» **Assignment**:
Only the lines from the one that contains "Attack On Titan, Episode 11 image 041" through the last line of the data below should be duplicated, exactly and without pictures.

» **Information provided**:

────

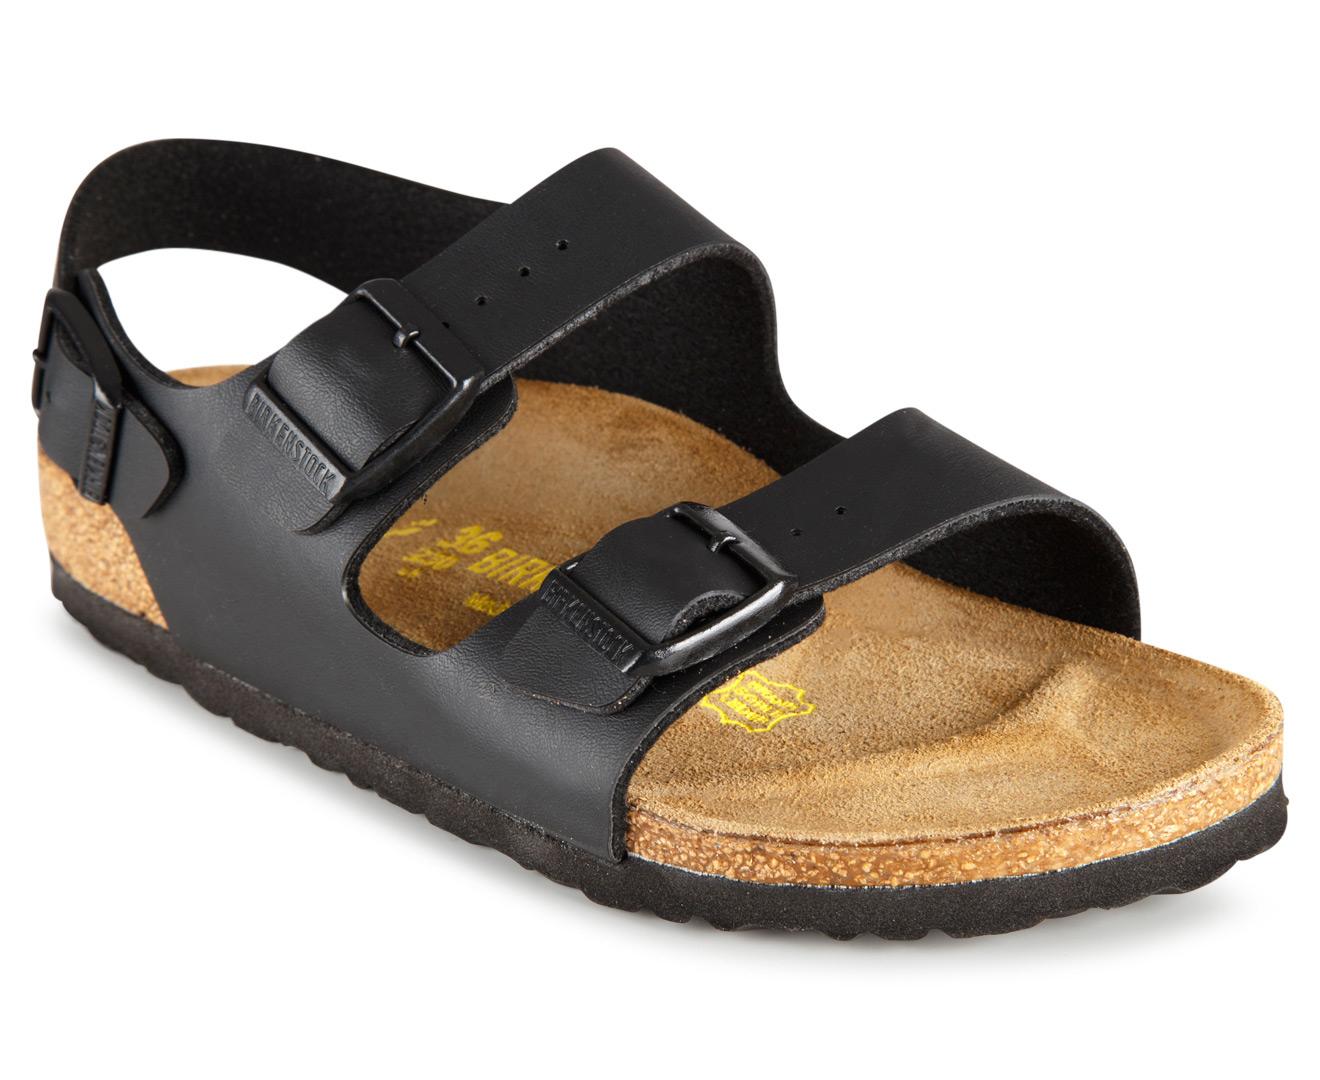 0847ea5dd2d5 Birkenstock Unisex Milano Narrow Fit Sandal - Black
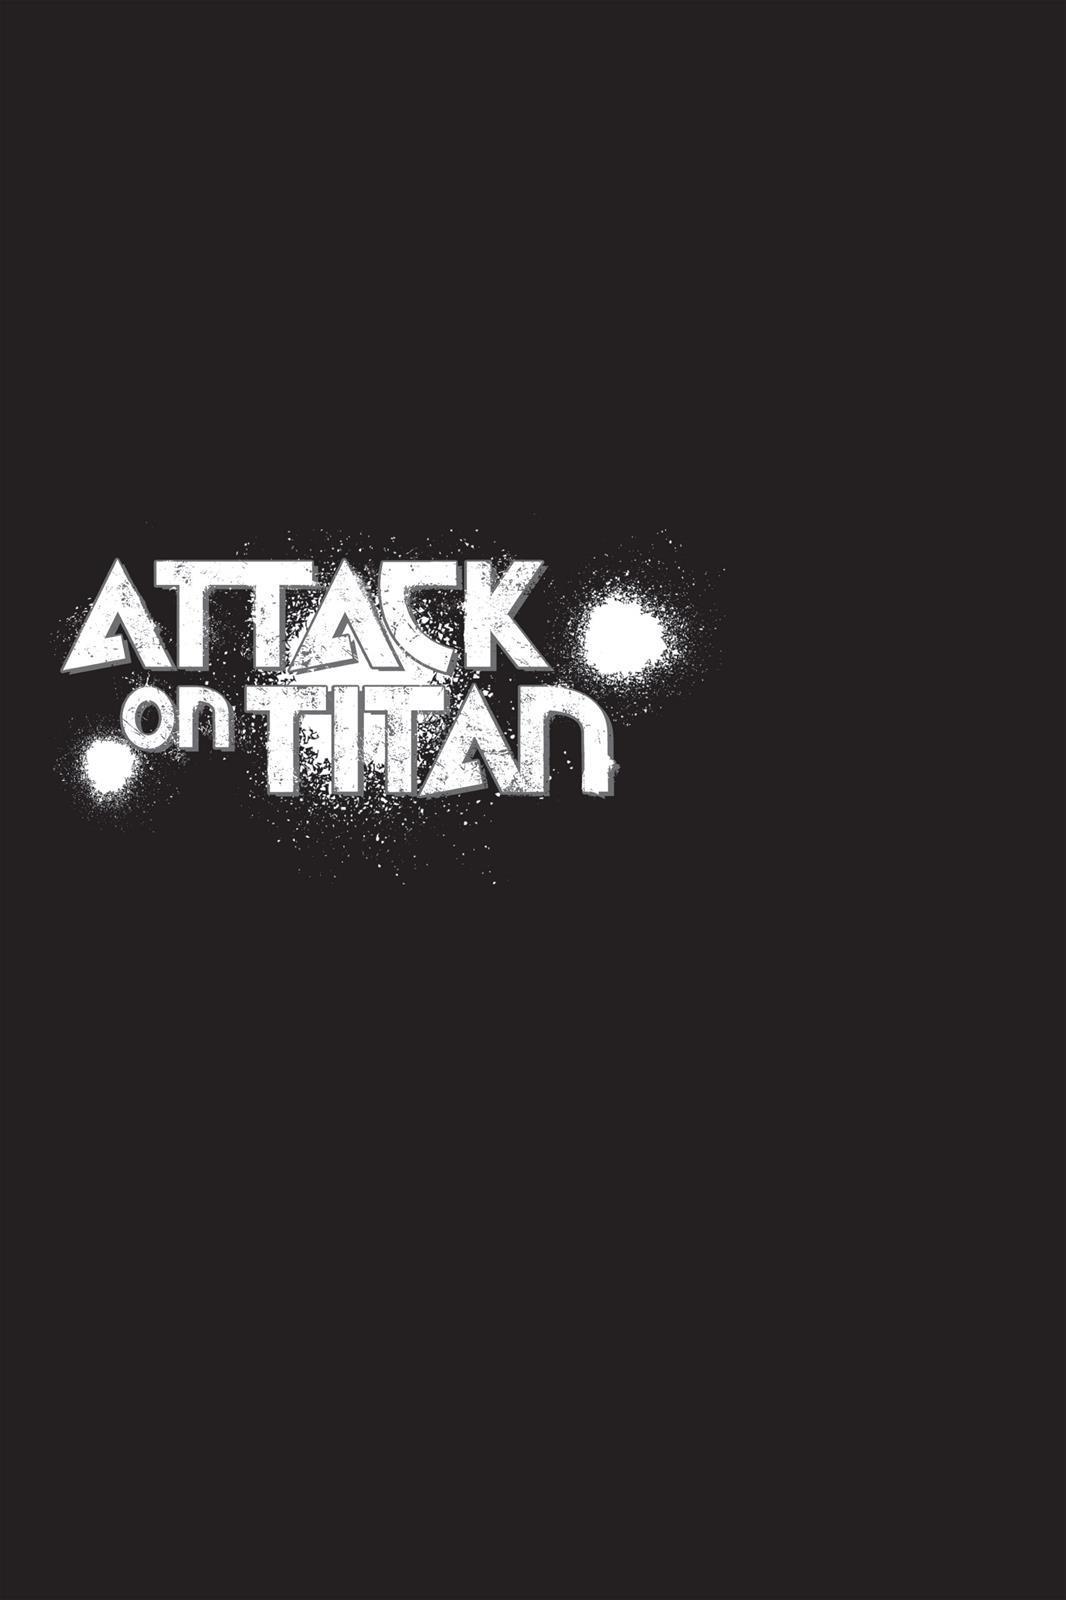 Attack On Titan, Episode 11 image 041
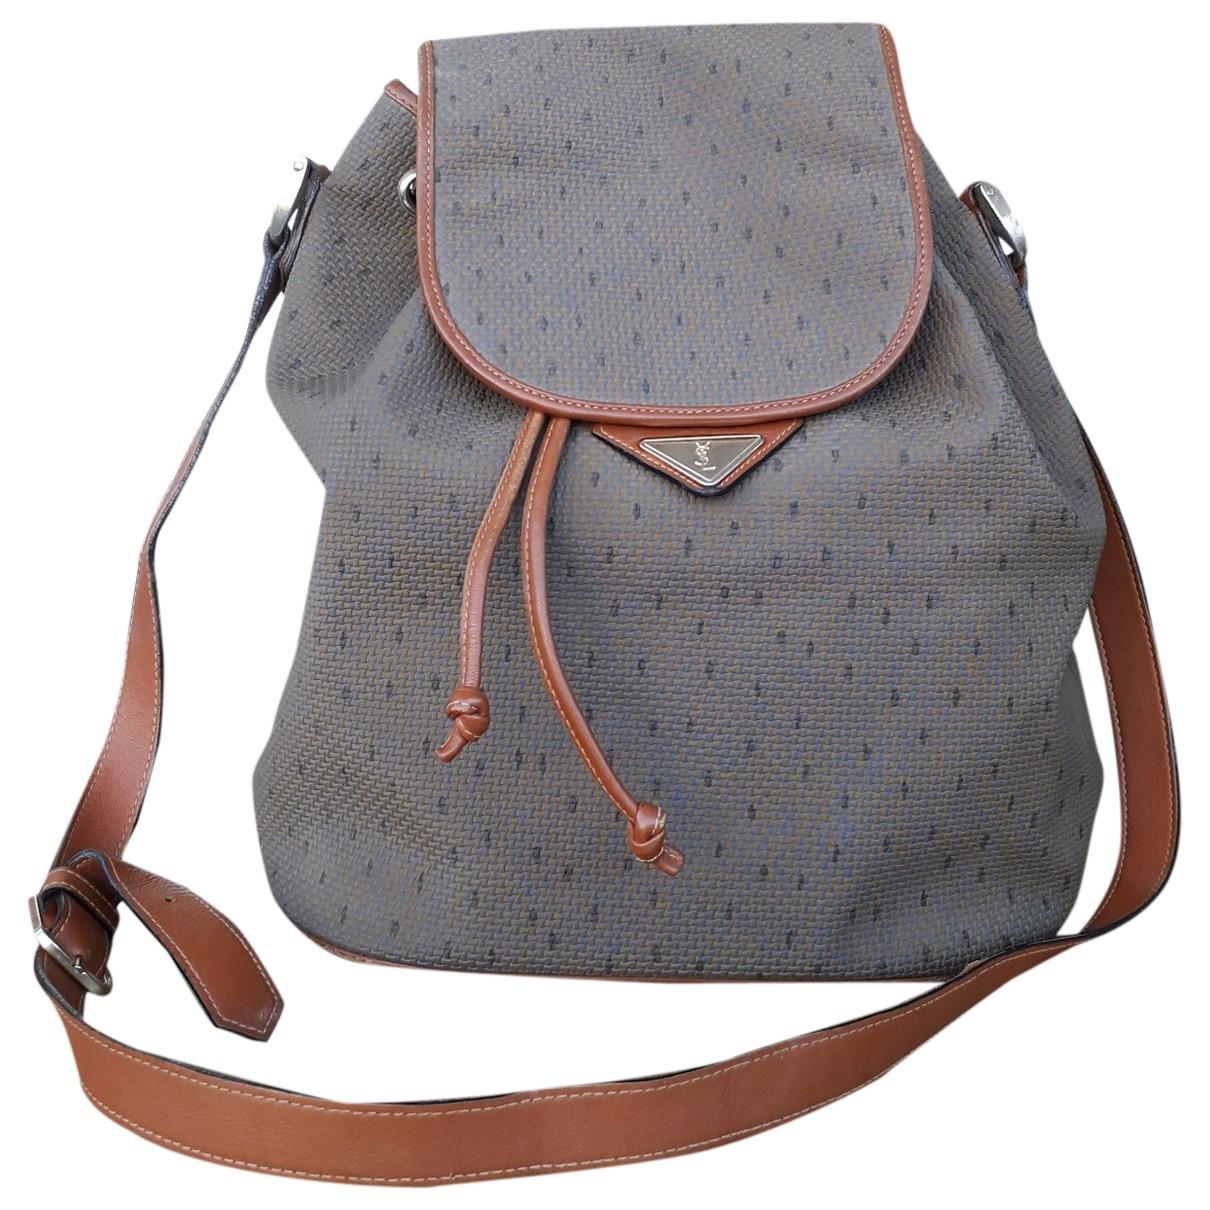 Yves Saint Laurent \N Brown Cloth handbag for Women \N
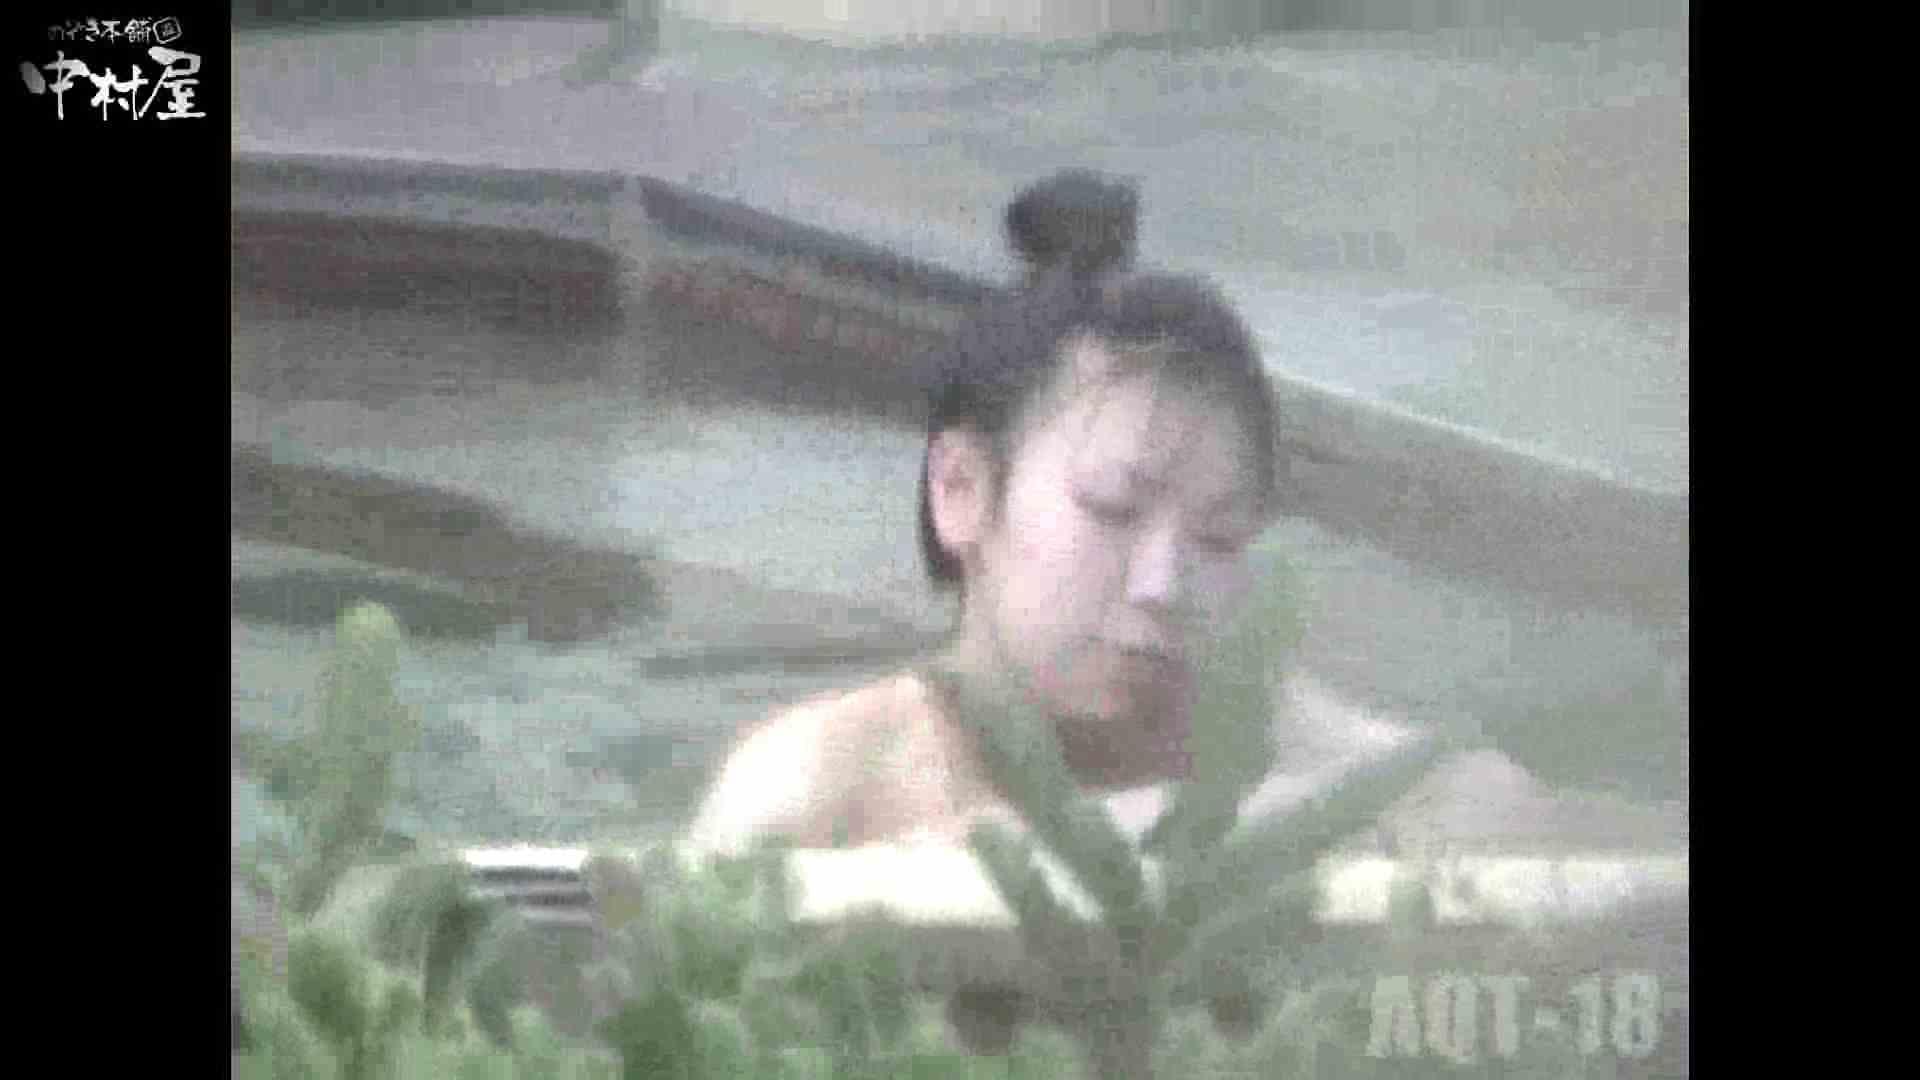 Aquaな露天風呂Vol.882潜入盗撮露天風呂十八判湯 其の二 OLセックス  90画像 64

────

» **Expected output**:
 Attack On Titan, Episode 11 image 041
 Yves Saint Laurent \N Brown Cloth handbag for Women \N
 Aquaな露天風呂Vol.882潜入盗撮露天風呂十八判湯 其の二 OLセックス  90画像 64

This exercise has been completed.